1/x + 1/(Abs[x] + 1/(1 + Abs[y - Abs[x]]))

finds all its subexpressions matching a certain pattern (say, _Abs) and then returns the smallest subexpression containing all of those occurrences. In this example, there are 3 subexpressions matching the pattern (2 of them are identical, but we need to include both of them): Abs[x], Abs[x], Abs[y - Abs[x]], so the smallest subexpression containing all of them is Abs[x] + 1/(1 + Abs[y - Abs[x]]).

A more precise definition: An expression containing all occurrences matching a given pattern is the smallest if it does not contain a proper subexpression that already contains all of the occurrences. For example, 1/(Abs[x] + 1/(1 + Abs[y - Abs[x]])) is not the smallest, because it contains a proper subexpression Abs[x] + 1/(1 + Abs[y - Abs[x]]) that already contains all 3 occurrences.

What is the best way to solve this problem?
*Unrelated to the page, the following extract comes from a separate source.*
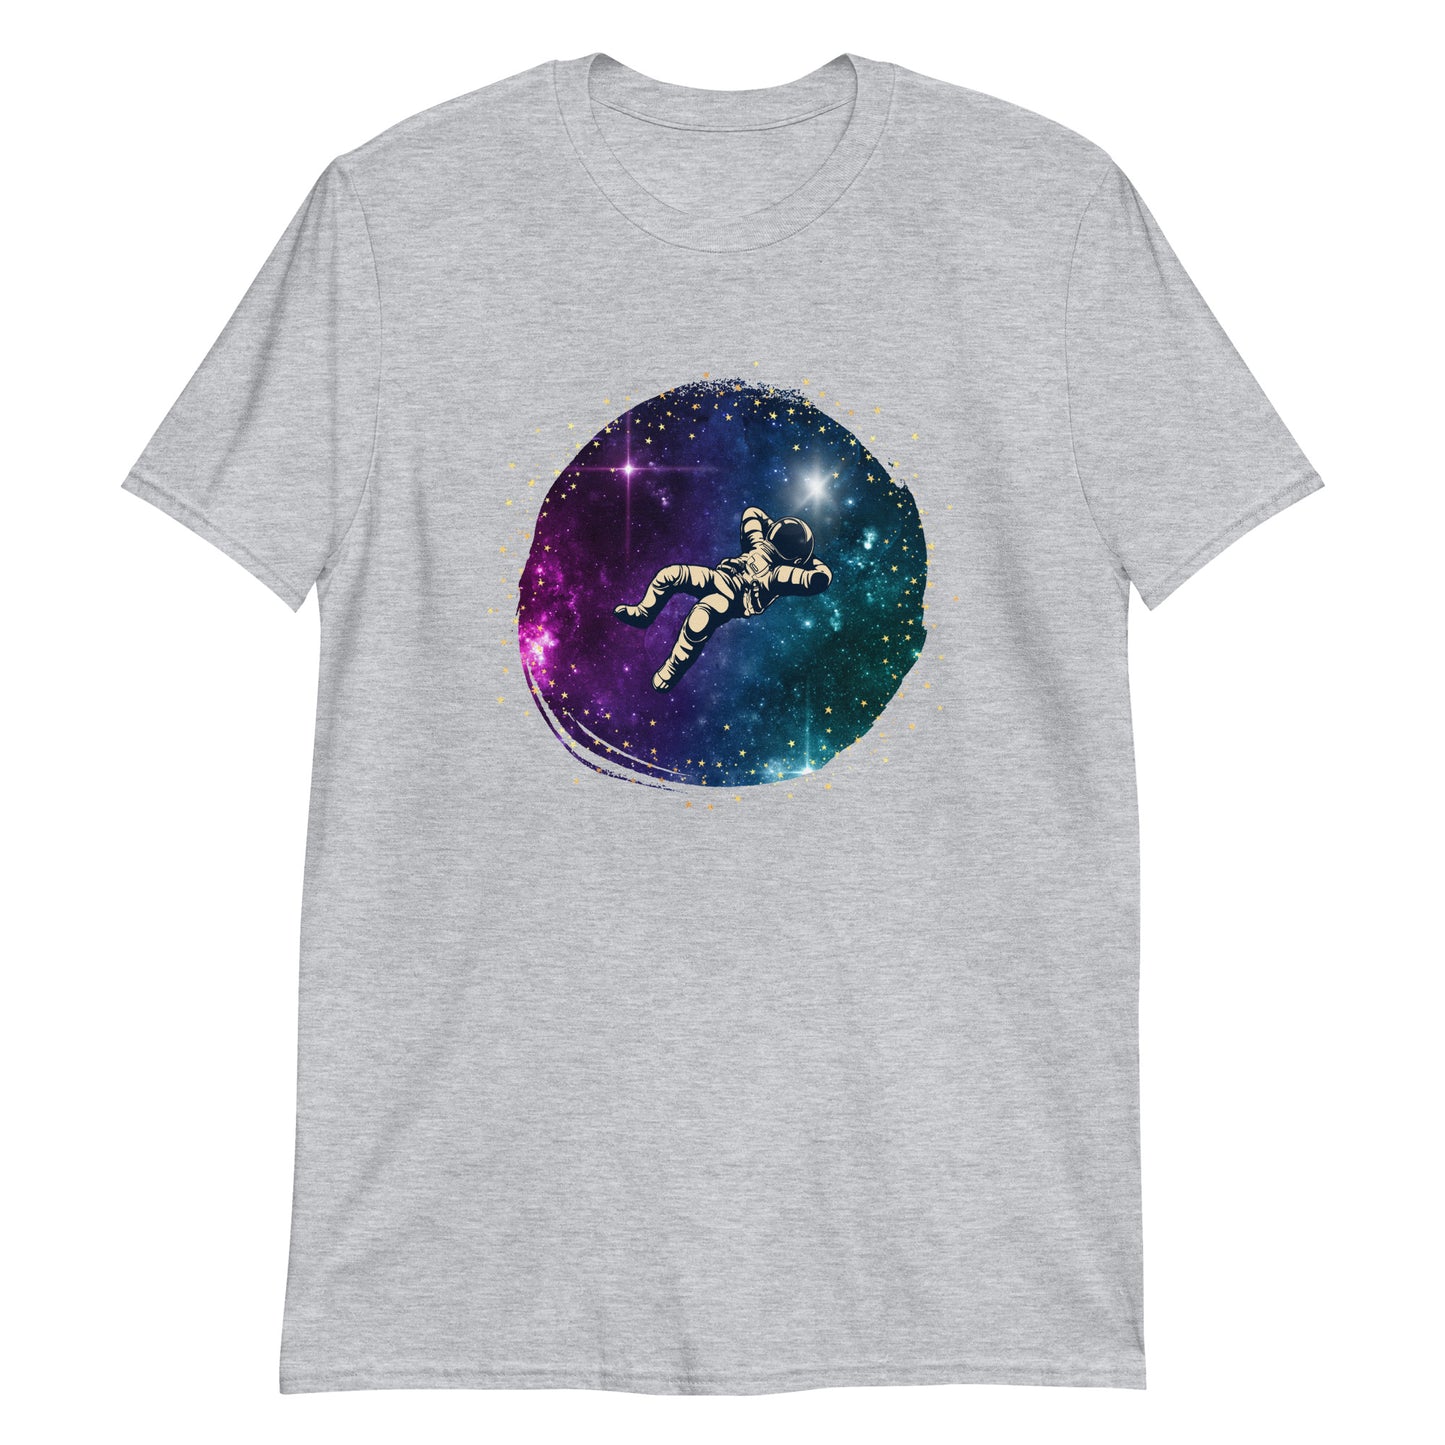 Spaceman - Short-Sleeve Unisex T-Shirt Sport Grey Unisex T-shirt Space

  • $\begingroup$ Union@ Level[expr, Infinity] will give you all the distinct subexpressions. Cases[expr, _Abs, All] will give you the instances to look for. After that it's a question of some tedious pattern matching, I think. $\endgroup$
    – MarcoB
    Jul 25, 2022 at 21:25

2 Answers 2


The following should be reasonably efficient:

expr = 1/x + 1/(Abs[x] + 1/(1 + Abs[y - Abs[x]]));

This works by first getting the position of all occurrences of the pattern (here _Abs). The smallest subexpression containing all of them is then given by the longest common prefix of the positions, which is exactly what we identify using the pattern in the ReplaceAll call. Finally, we extract the relevant subexpression.


With your expressions, first extract the terms you seek using Cases:

expr = 1/x + 1/(Abs[x] + 1/(1 + Abs[y - Abs[x]]));

cases = Cases[expr, _Abs, Infinity]
(* Out: {Abs[x], Abs[x], Abs[y - Abs[x]]} *)

Then generate a list of unique subexpressions of your expression at all levels, using Level and Union to get a sorted duplicate-free list:

subexpressions = Union@Level[expr, Infinity]
(* Out: 
{-1, 1, 1/x, x, y, y - Abs[x], -Abs[x], Abs[x], Abs[y - Abs[x]], 
 1/(1 + Abs[y - Abs[x]]), 1 + Abs[y - Abs[x]], 
 1/(Abs[x] + 1/(1 + Abs[y - Abs[x]])), Abs[x] + 1/(1 + Abs[y - Abs[x]])} *)

Now 1) group your expressions by the types of Abs subexpressions they contain (GroupBy by the output of Cases on each subexpression); 2) from the resulting association, extract the entry that contains all the desired cases by using the association[key] syntax; 3) take the shortest of the subexpressions returned, here defined as the one with the minimal LeafCount:

  GroupBy[subexpressions, Cases[#, _Abs, Infinity]&][cases]
(* Out: {Abs[x] + 1/(1 + Abs[y - Abs[x]])} *)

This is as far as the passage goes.